Record extracts:
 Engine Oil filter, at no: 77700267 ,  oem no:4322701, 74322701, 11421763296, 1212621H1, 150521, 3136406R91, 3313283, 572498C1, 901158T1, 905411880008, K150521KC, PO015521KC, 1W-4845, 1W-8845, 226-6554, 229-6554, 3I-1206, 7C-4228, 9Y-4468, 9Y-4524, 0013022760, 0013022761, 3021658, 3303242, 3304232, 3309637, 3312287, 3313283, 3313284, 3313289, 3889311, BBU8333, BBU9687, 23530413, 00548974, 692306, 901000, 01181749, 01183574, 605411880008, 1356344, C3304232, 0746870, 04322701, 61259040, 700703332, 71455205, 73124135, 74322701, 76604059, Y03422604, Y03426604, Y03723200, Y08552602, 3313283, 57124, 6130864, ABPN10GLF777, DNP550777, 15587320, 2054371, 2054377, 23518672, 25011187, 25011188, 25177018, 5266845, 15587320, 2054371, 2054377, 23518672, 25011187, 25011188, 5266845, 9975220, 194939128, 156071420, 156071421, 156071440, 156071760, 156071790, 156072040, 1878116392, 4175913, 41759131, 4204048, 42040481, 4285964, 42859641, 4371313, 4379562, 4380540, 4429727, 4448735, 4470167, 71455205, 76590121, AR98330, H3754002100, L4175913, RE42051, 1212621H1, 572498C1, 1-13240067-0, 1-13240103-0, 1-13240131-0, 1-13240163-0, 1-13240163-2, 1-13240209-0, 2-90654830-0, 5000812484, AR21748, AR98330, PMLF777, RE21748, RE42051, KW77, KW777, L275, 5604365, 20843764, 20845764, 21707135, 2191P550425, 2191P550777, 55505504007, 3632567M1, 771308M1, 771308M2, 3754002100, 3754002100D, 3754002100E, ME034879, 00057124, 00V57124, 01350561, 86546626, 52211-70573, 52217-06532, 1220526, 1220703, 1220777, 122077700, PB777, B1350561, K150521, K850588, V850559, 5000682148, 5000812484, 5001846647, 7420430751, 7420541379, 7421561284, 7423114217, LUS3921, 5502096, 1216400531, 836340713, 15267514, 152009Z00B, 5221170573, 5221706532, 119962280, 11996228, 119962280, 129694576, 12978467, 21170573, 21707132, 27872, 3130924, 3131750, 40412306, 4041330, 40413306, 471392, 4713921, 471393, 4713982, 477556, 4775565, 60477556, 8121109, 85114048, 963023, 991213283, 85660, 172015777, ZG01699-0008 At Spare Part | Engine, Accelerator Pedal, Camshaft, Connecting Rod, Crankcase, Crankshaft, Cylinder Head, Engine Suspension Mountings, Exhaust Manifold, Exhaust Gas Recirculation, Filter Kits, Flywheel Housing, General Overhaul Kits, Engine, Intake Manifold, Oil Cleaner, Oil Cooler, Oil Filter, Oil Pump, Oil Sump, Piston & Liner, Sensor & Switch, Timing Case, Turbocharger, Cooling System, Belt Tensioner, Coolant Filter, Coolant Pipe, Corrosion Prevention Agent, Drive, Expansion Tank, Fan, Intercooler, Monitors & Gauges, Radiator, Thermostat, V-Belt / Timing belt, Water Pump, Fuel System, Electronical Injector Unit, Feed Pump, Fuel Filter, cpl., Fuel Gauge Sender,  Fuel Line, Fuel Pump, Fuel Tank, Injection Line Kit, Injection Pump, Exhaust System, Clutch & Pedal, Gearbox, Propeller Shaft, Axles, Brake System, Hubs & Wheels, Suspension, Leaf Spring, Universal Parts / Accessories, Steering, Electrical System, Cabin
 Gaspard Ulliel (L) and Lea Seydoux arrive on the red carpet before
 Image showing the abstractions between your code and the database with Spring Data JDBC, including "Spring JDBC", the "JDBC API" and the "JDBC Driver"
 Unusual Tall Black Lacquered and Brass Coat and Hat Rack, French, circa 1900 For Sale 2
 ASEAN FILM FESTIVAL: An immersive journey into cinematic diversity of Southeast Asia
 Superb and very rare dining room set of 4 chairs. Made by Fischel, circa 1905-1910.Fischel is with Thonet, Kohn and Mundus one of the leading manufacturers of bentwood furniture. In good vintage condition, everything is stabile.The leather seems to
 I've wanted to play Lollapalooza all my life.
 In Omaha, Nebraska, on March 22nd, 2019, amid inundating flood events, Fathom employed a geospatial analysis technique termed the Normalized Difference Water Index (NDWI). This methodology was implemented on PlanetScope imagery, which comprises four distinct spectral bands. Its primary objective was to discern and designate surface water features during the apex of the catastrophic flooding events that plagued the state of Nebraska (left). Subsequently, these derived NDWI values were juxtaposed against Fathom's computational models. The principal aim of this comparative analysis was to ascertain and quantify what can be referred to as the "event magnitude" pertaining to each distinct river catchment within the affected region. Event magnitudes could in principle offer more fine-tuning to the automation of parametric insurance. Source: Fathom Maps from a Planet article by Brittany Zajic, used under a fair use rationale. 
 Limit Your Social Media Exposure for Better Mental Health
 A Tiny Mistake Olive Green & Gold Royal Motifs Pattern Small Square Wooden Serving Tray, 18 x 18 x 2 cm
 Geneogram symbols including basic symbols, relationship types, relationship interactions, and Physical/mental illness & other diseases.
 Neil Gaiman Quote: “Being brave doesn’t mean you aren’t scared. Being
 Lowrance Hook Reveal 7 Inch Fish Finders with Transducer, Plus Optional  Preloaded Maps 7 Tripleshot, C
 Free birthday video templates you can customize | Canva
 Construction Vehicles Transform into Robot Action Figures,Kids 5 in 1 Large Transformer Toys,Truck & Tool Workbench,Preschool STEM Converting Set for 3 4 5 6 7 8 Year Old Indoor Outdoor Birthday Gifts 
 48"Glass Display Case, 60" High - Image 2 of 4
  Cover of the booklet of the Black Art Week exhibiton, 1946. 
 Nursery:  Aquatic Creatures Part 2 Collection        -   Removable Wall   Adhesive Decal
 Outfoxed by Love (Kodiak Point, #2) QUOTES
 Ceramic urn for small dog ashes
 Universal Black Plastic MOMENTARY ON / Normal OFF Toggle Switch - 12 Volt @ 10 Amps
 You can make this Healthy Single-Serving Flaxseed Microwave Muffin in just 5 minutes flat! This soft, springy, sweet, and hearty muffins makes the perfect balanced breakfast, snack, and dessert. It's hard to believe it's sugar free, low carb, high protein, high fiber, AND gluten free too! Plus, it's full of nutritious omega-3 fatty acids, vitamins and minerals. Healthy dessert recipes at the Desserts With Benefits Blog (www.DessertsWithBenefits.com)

What you need to do:
Once more and in full, please write out the listing above exactly.

Solution to the exercise:
 Engine Oil filter, at no: 77700267 ,  oem no:4322701, 74322701, 11421763296, 1212621H1, 150521, 3136406R91, 3313283, 572498C1, 901158T1, 905411880008, K150521KC, PO015521KC, 1W-4845, 1W-8845, 226-6554, 229-6554, 3I-1206, 7C-4228, 9Y-4468, 9Y-4524, 0013022760, 0013022761, 3021658, 3303242, 3304232, 3309637, 3312287, 3313283, 3313284, 3313289, 3889311, BBU8333, BBU9687, 23530413, 00548974, 692306, 901000, 01181749, 01183574, 605411880008, 1356344, C3304232, 0746870, 04322701, 61259040, 700703332, 71455205, 73124135, 74322701, 76604059, Y03422604, Y03426604, Y03723200, Y08552602, 3313283, 57124, 6130864, ABPN10GLF777, DNP550777, 15587320, 2054371, 2054377, 23518672, 25011187, 25011188, 25177018, 5266845, 15587320, 2054371, 2054377, 23518672, 25011187, 25011188, 5266845, 9975220, 194939128, 156071420, 156071421, 156071440, 156071760, 156071790, 156072040, 1878116392, 4175913, 41759131, 4204048, 42040481, 4285964, 42859641, 4371313, 4379562, 4380540, 4429727, 4448735, 4470167, 71455205, 76590121, AR98330, H3754002100, L4175913, RE42051, 1212621H1, 572498C1, 1-13240067-0, 1-13240103-0, 1-13240131-0, 1-13240163-0, 1-13240163-2, 1-13240209-0, 2-90654830-0, 5000812484, AR21748, AR98330, PMLF777, RE21748, RE42051, KW77, KW777, L275, 5604365, 20843764, 20845764, 21707135, 2191P550425, 2191P550777, 55505504007, 3632567M1, 771308M1, 771308M2, 3754002100, 3754002100D, 3754002100E, ME034879, 00057124, 00V57124, 01350561, 86546626, 52211-70573, 52217-06532, 1220526, 1220703, 1220777, 122077700, PB777, B1350561, K150521, K850588, V850559, 5000682148, 5000812484, 5001846647, 7420430751, 7420541379, 7421561284, 7423114217, LUS3921, 5502096, 1216400531, 836340713, 15267514, 152009Z00B, 5221170573, 5221706532, 119962280, 11996228, 119962280, 129694576, 12978467, 21170573, 21707132, 27872, 3130924, 3131750, 40412306, 4041330, 40413306, 471392, 4713921, 471393, 4713982, 477556, 4775565, 60477556, 8121109, 85114048, 963023, 991213283, 85660, 172015777, ZG01699-0008 At Spare Part | Engine, Accelerator Pedal, Camshaft, Connecting Rod, Crankcase, Crankshaft, Cylinder Head, Engine Suspension Mountings, Exhaust Manifold, Exhaust Gas Recirculation, Filter Kits, Flywheel Housing, General Overhaul Kits, Engine, Intake Manifold, Oil Cleaner, Oil Cooler, Oil Filter, Oil Pump, Oil Sump, Piston & Liner, Sensor & Switch, Timing Case, Turbocharger, Cooling System, Belt Tensioner, Coolant Filter, Coolant Pipe, Corrosion Prevention Agent, Drive, Expansion Tank, Fan, Intercooler, Monitors & Gauges, Radiator, Thermostat, V-Belt / Timing belt, Water Pump, Fuel System, Electronical Injector Unit, Feed Pump, Fuel Filter, cpl., Fuel Gauge Sender,  Fuel Line, Fuel Pump, Fuel Tank, Injection Line Kit, Injection Pump, Exhaust System, Clutch & Pedal, Gearbox, Propeller Shaft, Axles, Brake System, Hubs & Wheels, Suspension, Leaf Spring, Universal Parts / Accessories, Steering, Electrical System, Cabin
 Gaspard Ulliel (L) and Lea Seydoux arrive on the red carpet before
 Image showing the abstractions between your code and the database with Spring Data JDBC, including "Spring JDBC", the "JDBC API" and the "JDBC Driver"
 Unusual Tall Black Lacquered and Brass Coat and Hat Rack, French, circa 1900 For Sale 2
 ASEAN FILM FESTIVAL: An immersive journey into cinematic diversity of Southeast Asia
 Superb and very rare dining room set of 4 chairs. Made by Fischel, circa 1905-1910.Fischel is with Thonet, Kohn and Mundus one of the leading manufacturers of bentwood furniture. In good vintage condition, everything is stabile.The leather seems to
 I've wanted to play Lollapalooza all my life.
 In Omaha, Nebraska, on March 22nd, 2019, amid inundating flood events, Fathom employed a geospatial analysis technique termed the Normalized Difference Water Index (NDWI). This methodology was implemented on PlanetScope imagery, which comprises four distinct spectral bands. Its primary objective was to discern and designate surface water features during the apex of the catastrophic flooding events that plagued the state of Nebraska (left). Subsequently, these derived NDWI values were juxtaposed against Fathom's computational models. The principal aim of this comparative analysis was to ascertain and quantify what can be referred to as the "event magnitude" pertaining to each distinct river catchment within the affected region. Event magnitudes could in principle offer more fine-tuning to the automation of parametric insurance. Source: Fathom Maps from a Planet article by Brittany Zajic, used under a fair use rationale. 
 Limit Your Social Media Exposure for Better Mental Health
 A Tiny Mistake Olive Green & Gold Royal Motifs Pattern Small Square Wooden Serving Tray, 18 x 18 x 2 cm
 Geneogram symbols including basic symbols, relationship types, relationship interactions, and Physical/mental illness & other diseases.
 Neil Gaiman Quote: “Being brave doesn’t mean you aren’t scared. Being
 Lowrance Hook Reveal 7 Inch Fish Finders with Transducer, Plus Optional  Preloaded Maps 7 Tripleshot, C
 Free birthday video templates you can customize | Canva
 Construction Vehicles Transform into Robot Action Figures,Kids 5 in 1 Large Transformer Toys,Truck & Tool Workbench,Preschool STEM Converting Set for 3 4 5 6 7 8 Year Old Indoor Outdoor Birthday Gifts 
 48"Glass Display Case, 60" High - Image 2 of 4
  Cover of the booklet of the Black Art Week exhibiton, 1946. 
 Nursery:  Aquatic Creatures Part 2 Collection        -   Removable Wall   Adhesive Decal
 Outfoxed by Love (Kodiak Point, #2) QUOTES
 Ceramic urn for small dog ashes
 Universal Black Plastic MOMENTARY ON / Normal OFF Toggle Switch - 12 Volt @ 10 Amps
 You can make this Healthy Single-Serving Flaxseed Microwave Muffin in just 5 minutes flat! This soft, springy, sweet, and hearty muffins makes the perfect balanced breakfast, snack, and dessert. It's hard to believe it's sugar free, low carb, high protein, high fiber, AND gluten free too! Plus, it's full of nutritious omega-3 fatty acids, vitamins and minerals. Healthy dessert recipes at the Desserts With Benefits Blog (www.DessertsWithBenefits.com)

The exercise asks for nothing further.